Raw disk access tools (dd on Linux, Arsenal Image Mounter for mounting images) can extract the MFT by reading the appropriate sectors. The MFT's starting cluster is defined in the NTFS boot sector at offset 0x30 (8 bytes, little-endian, the cluster number of the $MFT file). To find the byte offset: multiply the starting cluster by the cluster size (also defined in the boot sector). Then read from that offset for the file's total size (defined in the MFT entry 0's $DATA attribute).

For forensic images (E01, raw/dd), mount the image read-only with Arsenal Image Mounter and then use KAPE or FTK Imager to extract the MFT from the mounted volume. The image's write-protection ensures the extraction doesn't modify the evidence.

Compliance Myth: "Extracting the MFT from a live system modifies the evidence — you should only work with disk images"

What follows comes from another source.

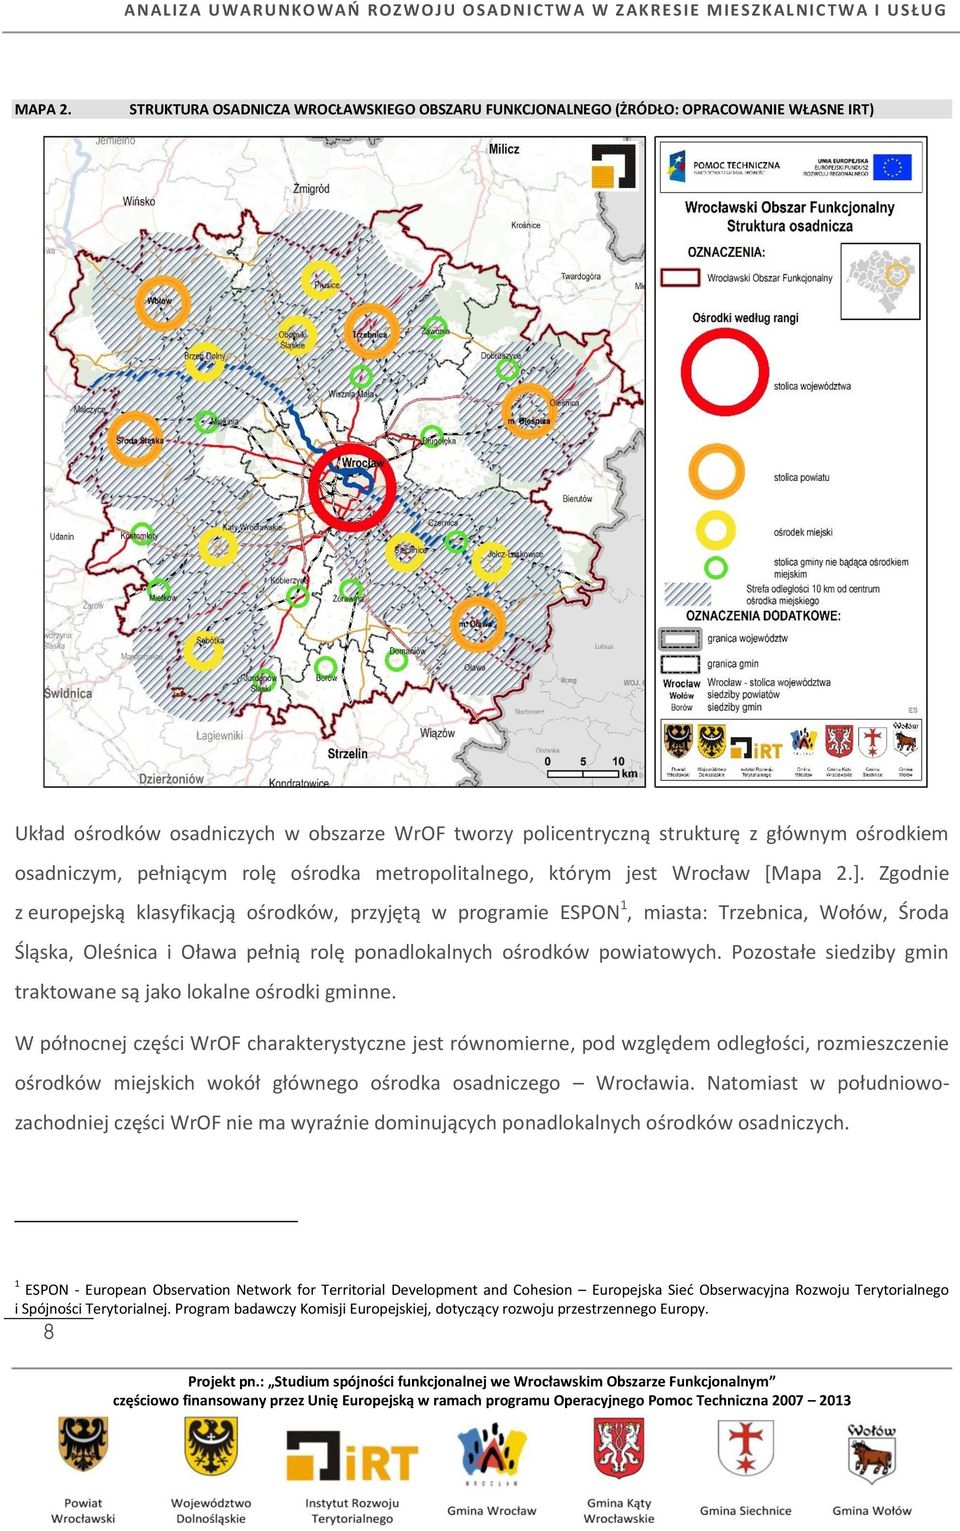 pełniącym rolę ośrodka metropolitalnego, którym jest Wrocław [Mapa 2.].
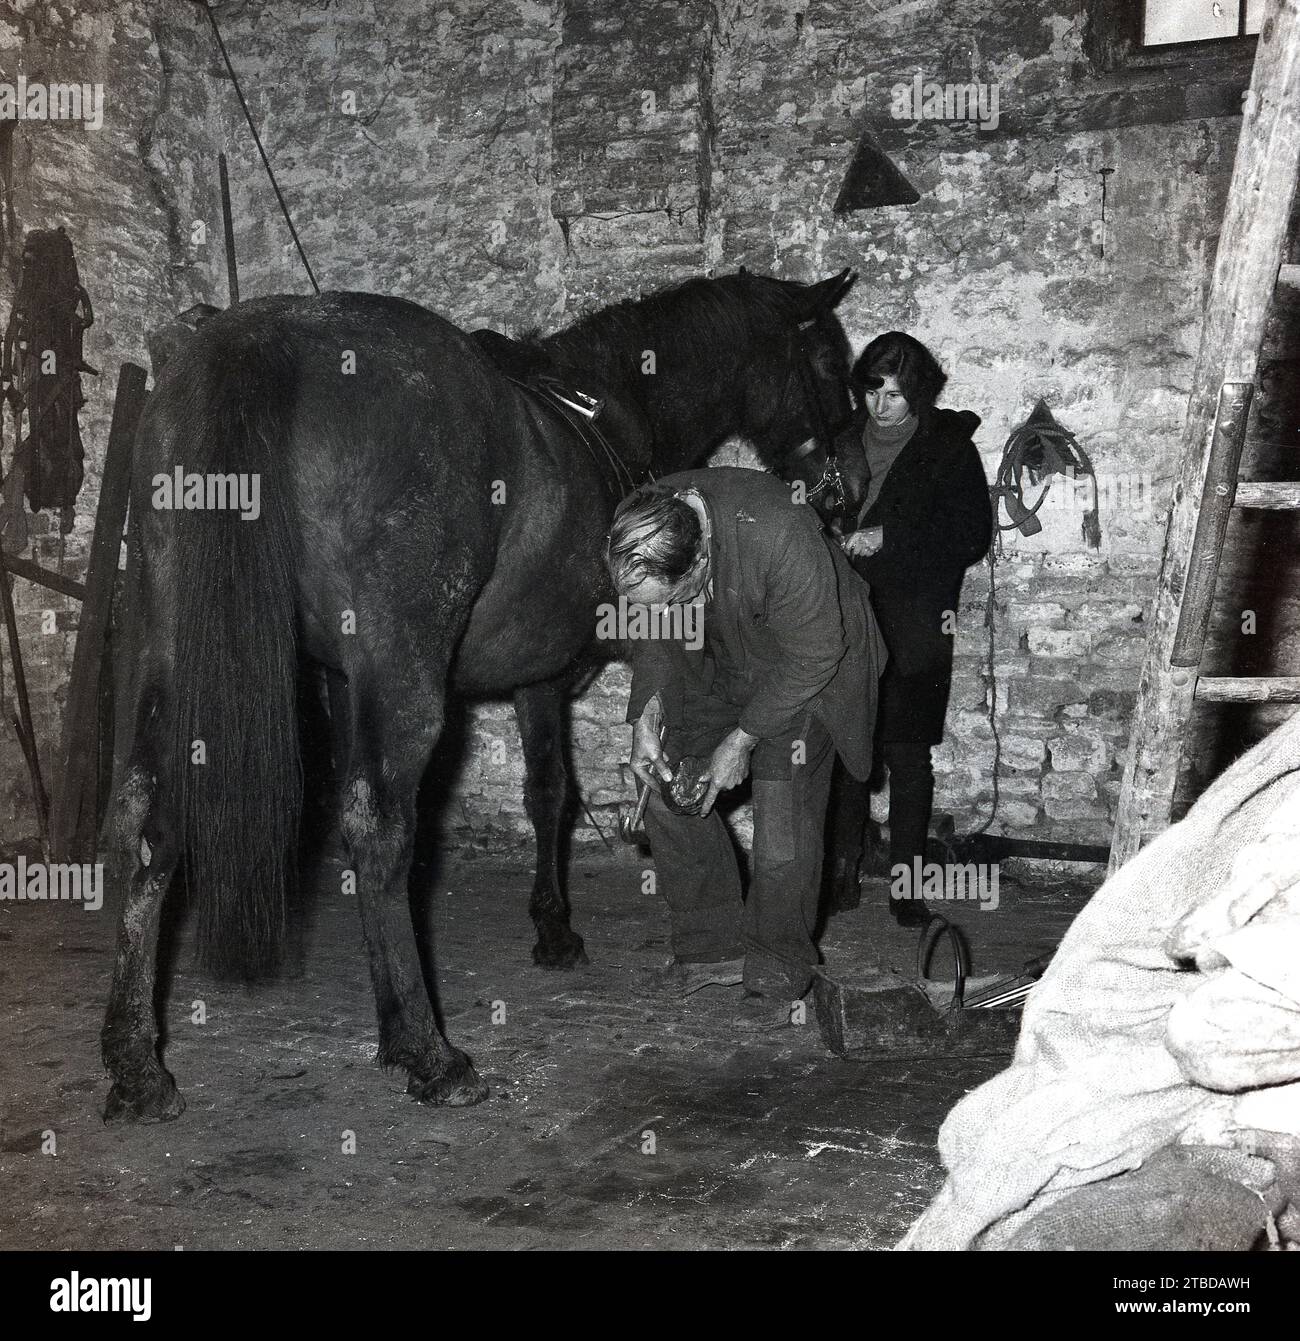 Années 1970, historique, à l'intérieur d'une grange en pierre, un maréchal ferrant un cheval, avec une fille stable tenant la tête du cheval, Angleterre, Royaume-Uni. Banque D'Images

Extracting the MFT from a live system using KAPE or FTK Imager is a read-only operation on the MFT itself — the tool reads the raw MFT data without modifying it. However, the act of running any tool on a live system causes incidental modifications: the tool's executable is loaded (Prefetch entry created or updated), the tool reads the MFT (potentially updating the MFT's own accessed timestamp), and the output file is written to a destination volume (modifying that volume's MFT and USN Journal). These incidental modifications are expected and documented as part of the collection methodology. They do not invalidate the collected MFT data. Best practice: document the tool used, the version, the command executed, and the timestamp of the collection. Hash the output immediately. These steps establish the integrity of the collected artifact and account for the incidental modifications. Full disk imaging is preferred when time permits, but live MFT extraction is a valid and commonly accepted collection method for triage and rapid response.

Verifying the extraction

Before parsing, verify the extracted MFT is complete and uncorrupted. Four checks:

Hash verification. Compare the SHA256 hash of the extracted file against the hash in the collection log (KAPE generates this automatically in its log file). If the hashes don't match, the file was modified after collection — re-extract from the source.

Size verification. The MFT file size must be an exact multiple of 1,024 (the MFT record size). If the file size is not a multiple of 1,024, the extraction was truncated or padded. Calculate the expected entry count: file size ÷ 1,024. This gives you the total number of MFT entries including reserved entries (0–23) and all user file entries.

Signature spot-check. Open the raw MFT in HxD and navigate to offset 0x000 (entry 0). The first four bytes should be 46 49 4C 45 ("FILE"). Navigate to offset 0x400 (entry 1) — same signature. Navigate to the last entry (file size - 1,024) — same signature. If any entry lacks the "FILE" signature, the MFT is damaged at that location.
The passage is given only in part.